Commission caps. Data sharing. Gig work.
Investors peppered Uber Eats executives on Wednesday with questions about the growing attempts by government to regulate third-party delivery. Leaders said the push for restrictions is nothing new, and that they were prepared to work with officials on potential solutions.
"We’ve been regulated on a local basis as it relates to our Mobility business from day one," said Uber CEO Dara Khosrowshahi on the company's first-quarter earnings call. "And these are really important dialogs that you have to have with state regulators, with city regulators."
That was in response to a question about calls from New York mayoral candidate Andrew Yang to force delivery companies to share customer data with restaurants—a longtime sticking point between the two parties.
Despite the looming restrictions, Uber Eats continued to grow in the first three months of 2021 and into April. It generated $1.7 billion in revenue, a 28% increase over the last quarter and a 230% jump year over year. Its losses also widened: Adjusted EBITDA (earnings before interest, taxes, depreciation and amortization) was negative $200 million, down $55 million from the quarter before.

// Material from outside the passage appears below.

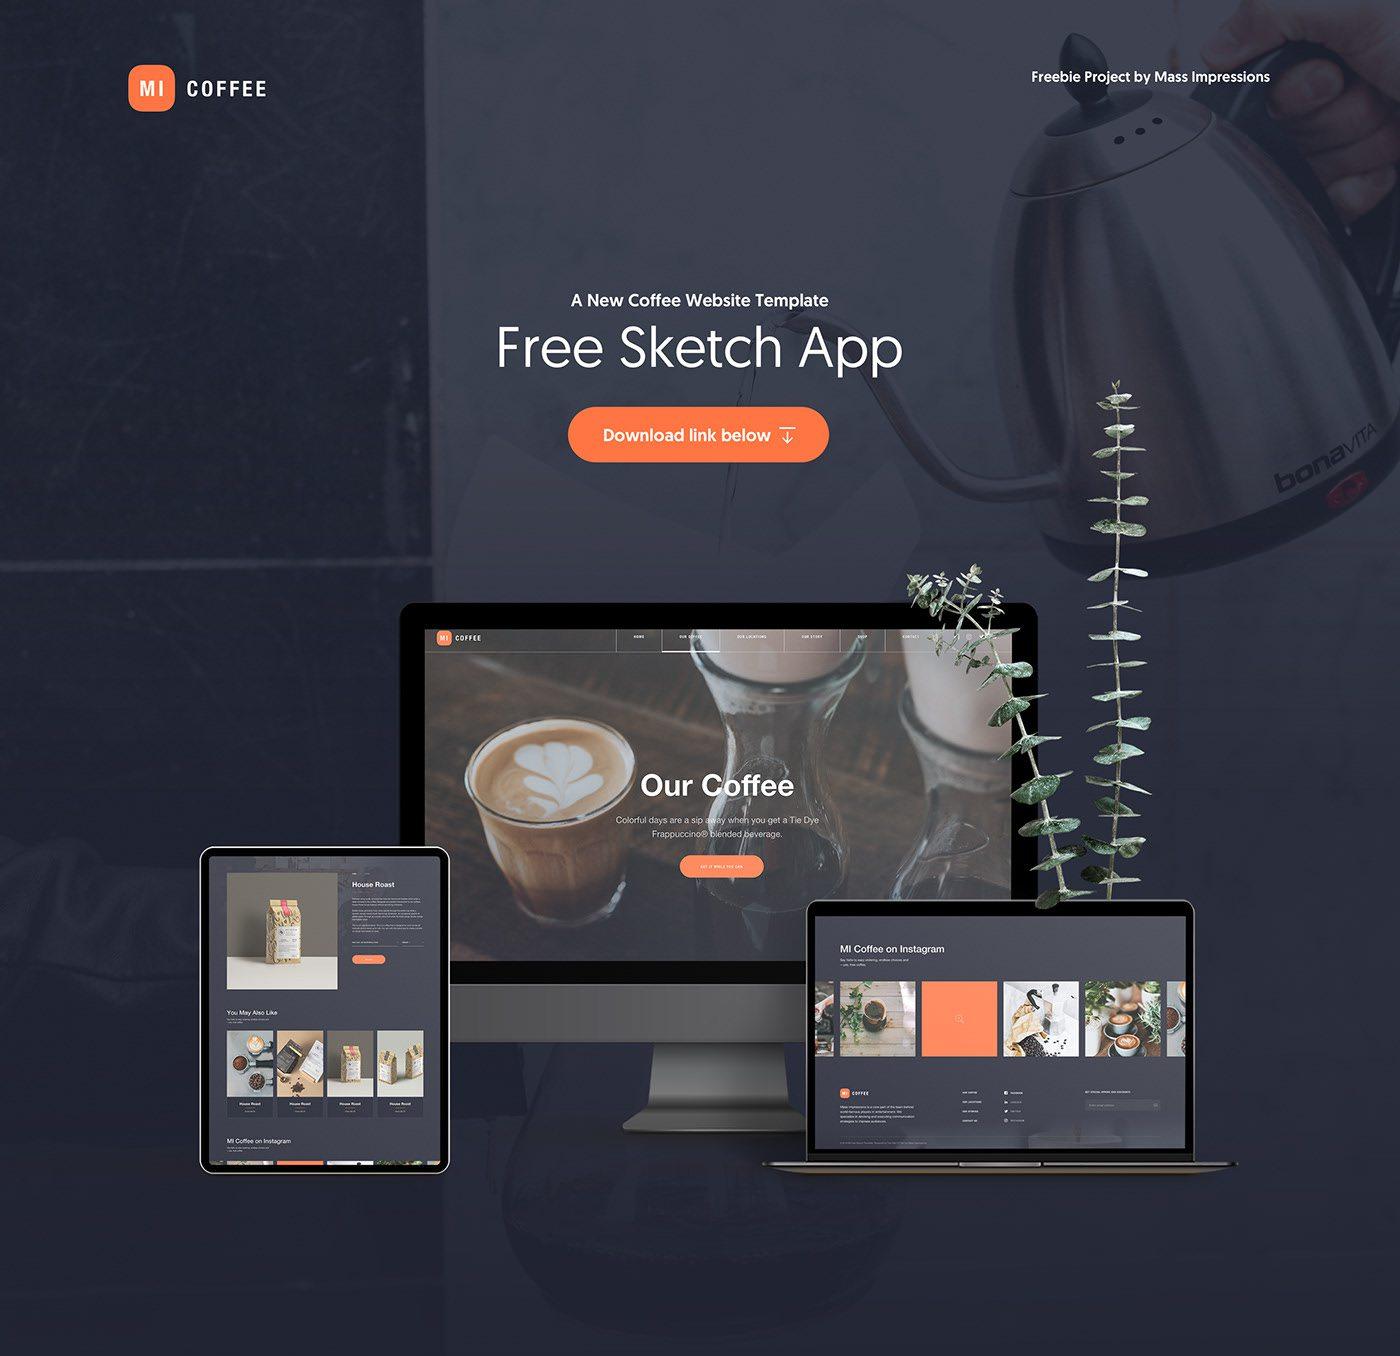 MI Cafe - Free Sketch App Template

But investors were particularly focused on regulation during Wednesday's call. They repeatedly asked about threats to the company's labor model, for instance. The Biden administration has signaled recently that it could take action to change how gig companies classify their workers. On Wednesday, it withdrew a Trump-era rule that favored the independent contractor model used by Uber Eats and others.

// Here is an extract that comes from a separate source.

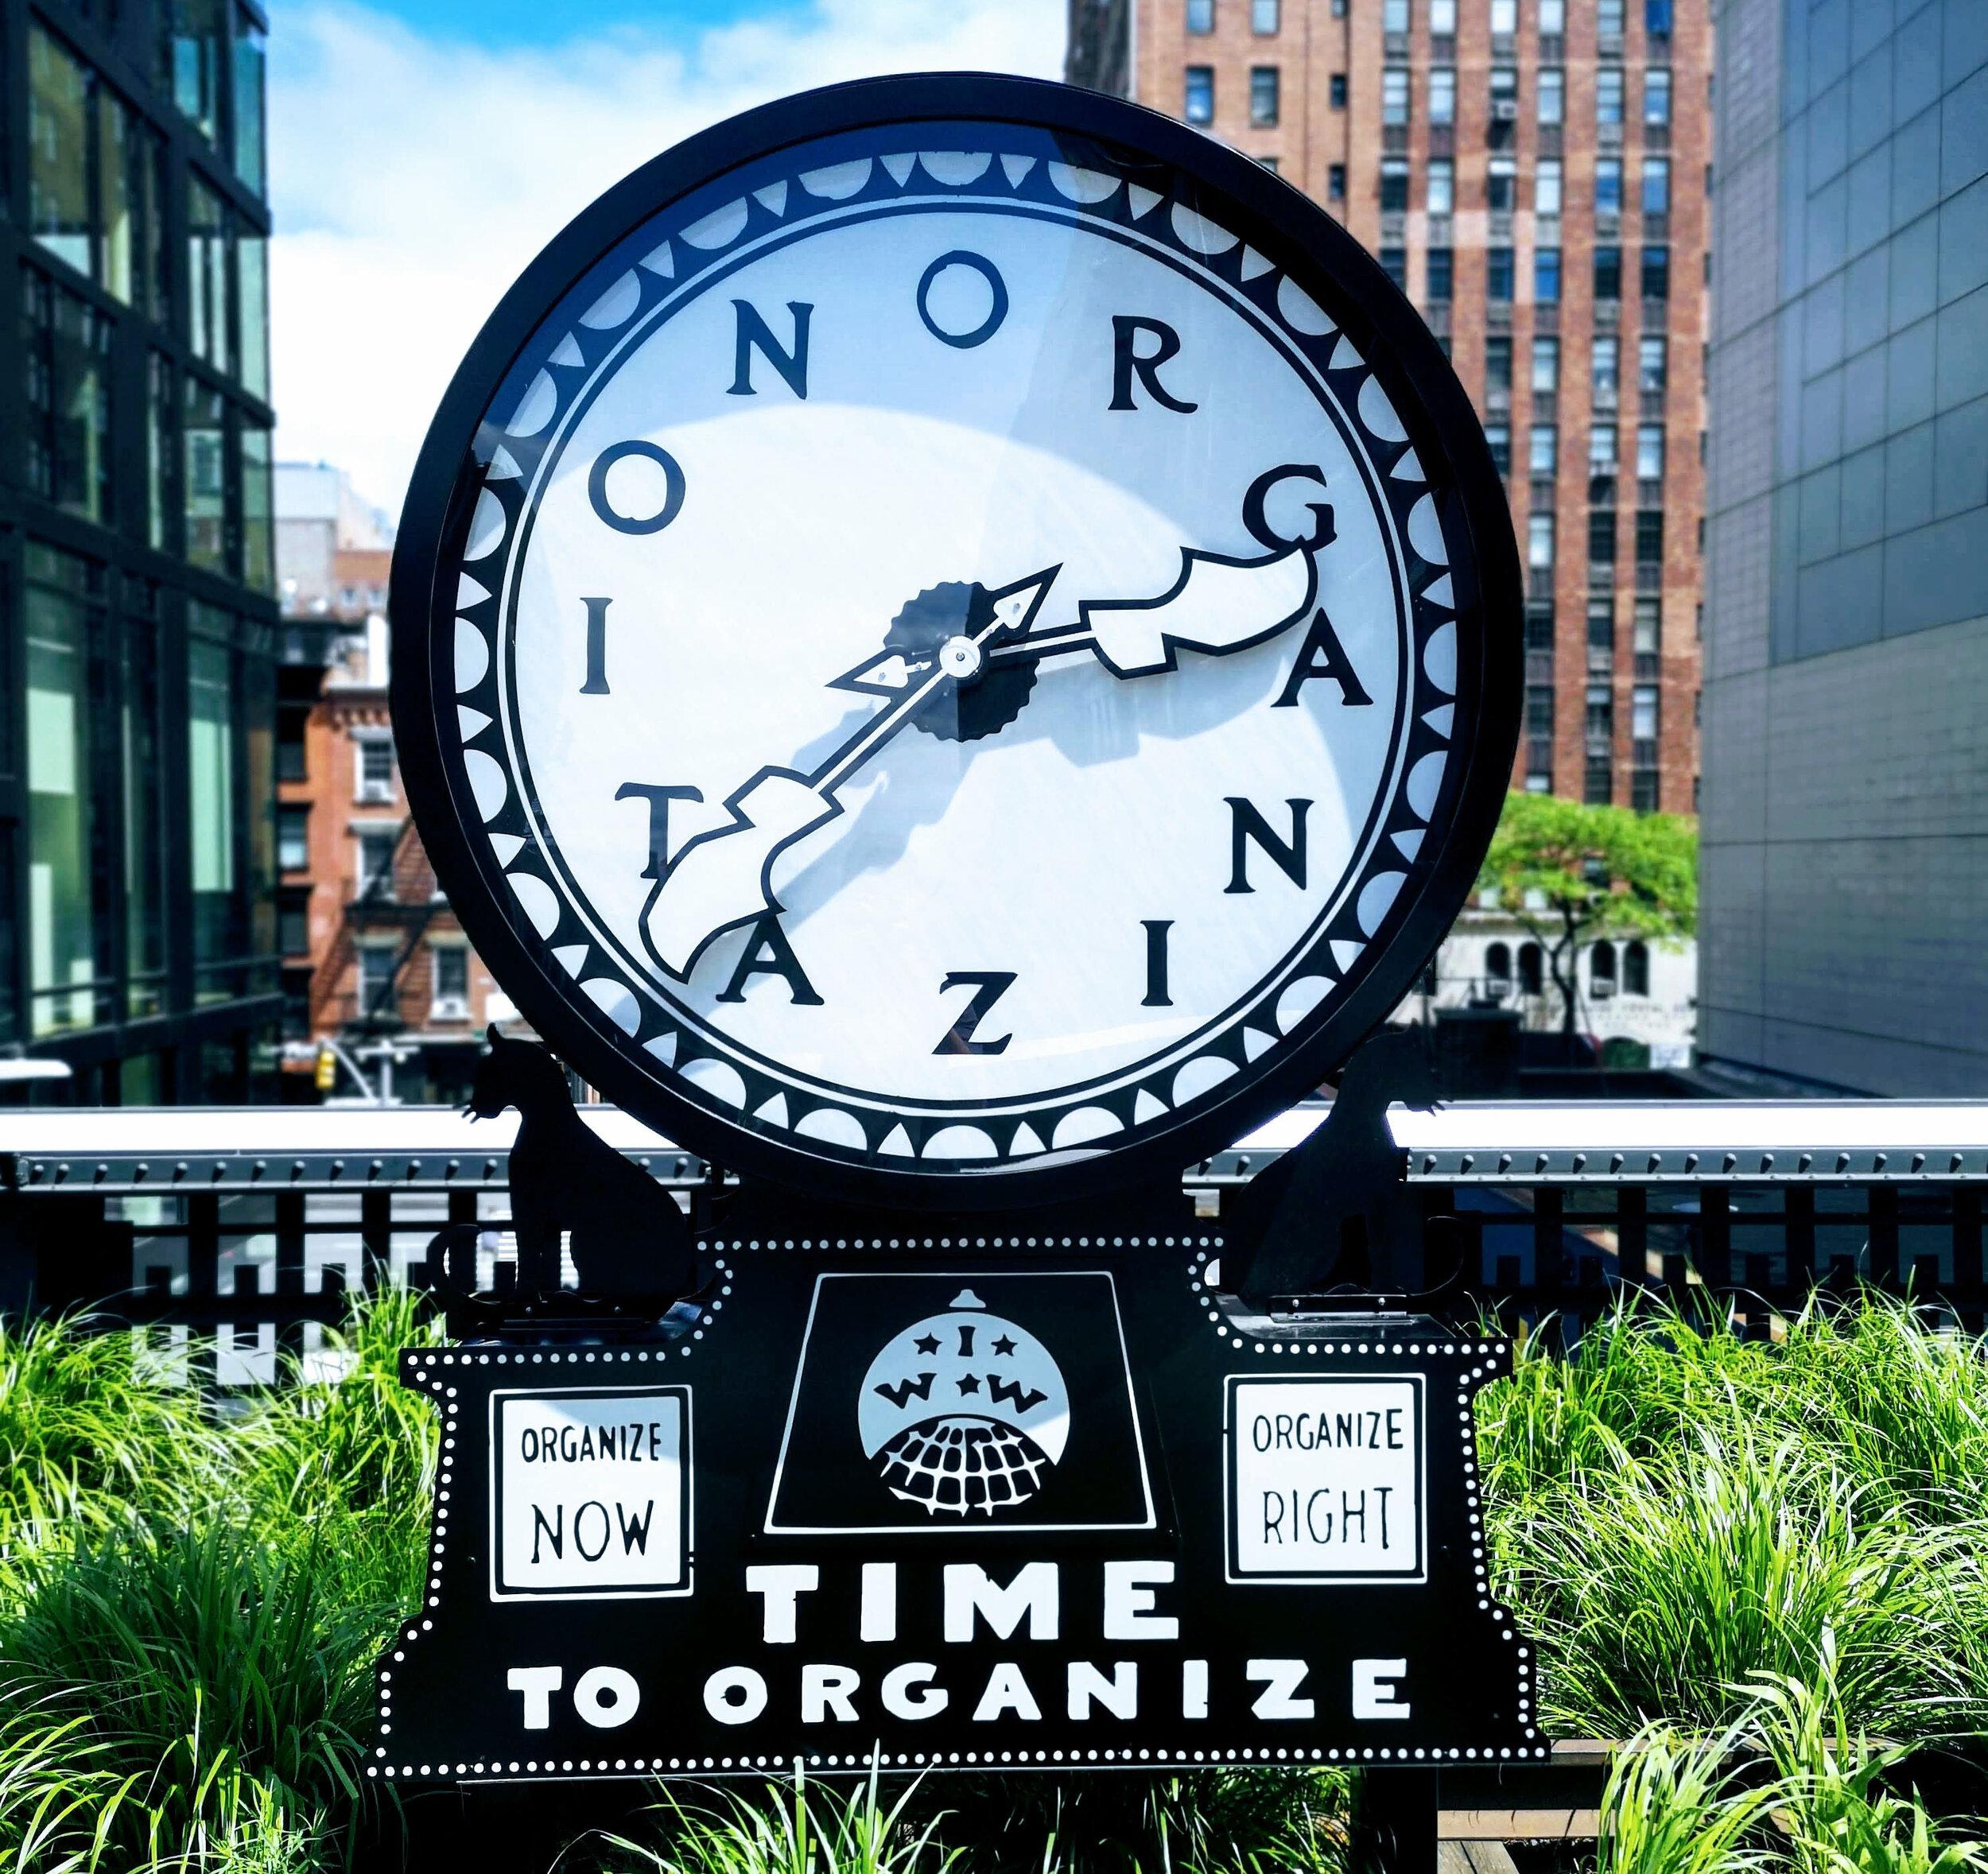 organize-time

Again, executives emphasized the opportunity for dialog on the matter. The Biden administration is made up of people with "varying views on these issues," which leaves plenty of room for conversation, said Chief Legal Officer Tony West.
The company favors the framework it helped pass in California, where couriers are classified as independent contractors with some added benefits under Proposition 22. Uber Eats has been pushing that model elsewhere.
"The reality is that these kinds of solutions are workable solutions and they are real resolutions to this issue. And so we’d like to be able to see that in other states and in other jurisdictions," West said.
The company has said that shifting to an employee-based model would result in smaller fleets and higher delivery costs, which could impact restaurants that use the service. Khosrowshahi said research has shown that couriers prefer to remain independent because they value the flexibility.
And then there are commission caps, the temporary limits on what delivery companies can charge restaurants. They're in place in dozens of jurisdictions, and there have been calls to make them permanent.
Some delivery providers have responded by raising prices for consumers, and Uber Eats said it would continue to do that.
"In markets where there are fee caps, there’ll be higher delivery fees, which do hurt demand to restaurants," Khosrowshahi said. "In markets that don’t have fee caps, then the marketplace gets to a balance organically, so to speak. We think the better answer is that the markets take care of themselves."
In the three months ended March 31, Uber Eats gross bookings were $12.5 billion, up 24% sequentially and 157% year over year. New verticals like grocery, convenience and alcohol delivery contributed about a third of that. And it added more than 100,000 merchants to its platform, surpassing 700,000 total. It expects to continue growing that number for the next five years at least.
Uber Eats will also focus on driving more pickup orders to those restaurants—a more economical channel for both restaurants and the company.
"We think that building up our pickup opportunity as it relates to our restaurant partners is a pretty big opportunity going forward," Khosrowshahi said.
First-quarter losses were driven by investment in new delivery segments as well as driver shortages and the costs of consolidating with Postmates. Postmates partners are expected be fully migrated over to Uber Eats by mid-year, executives said.
The company's leaders reiterated their belief that the business will become adjusted EBITDA profitable later this year.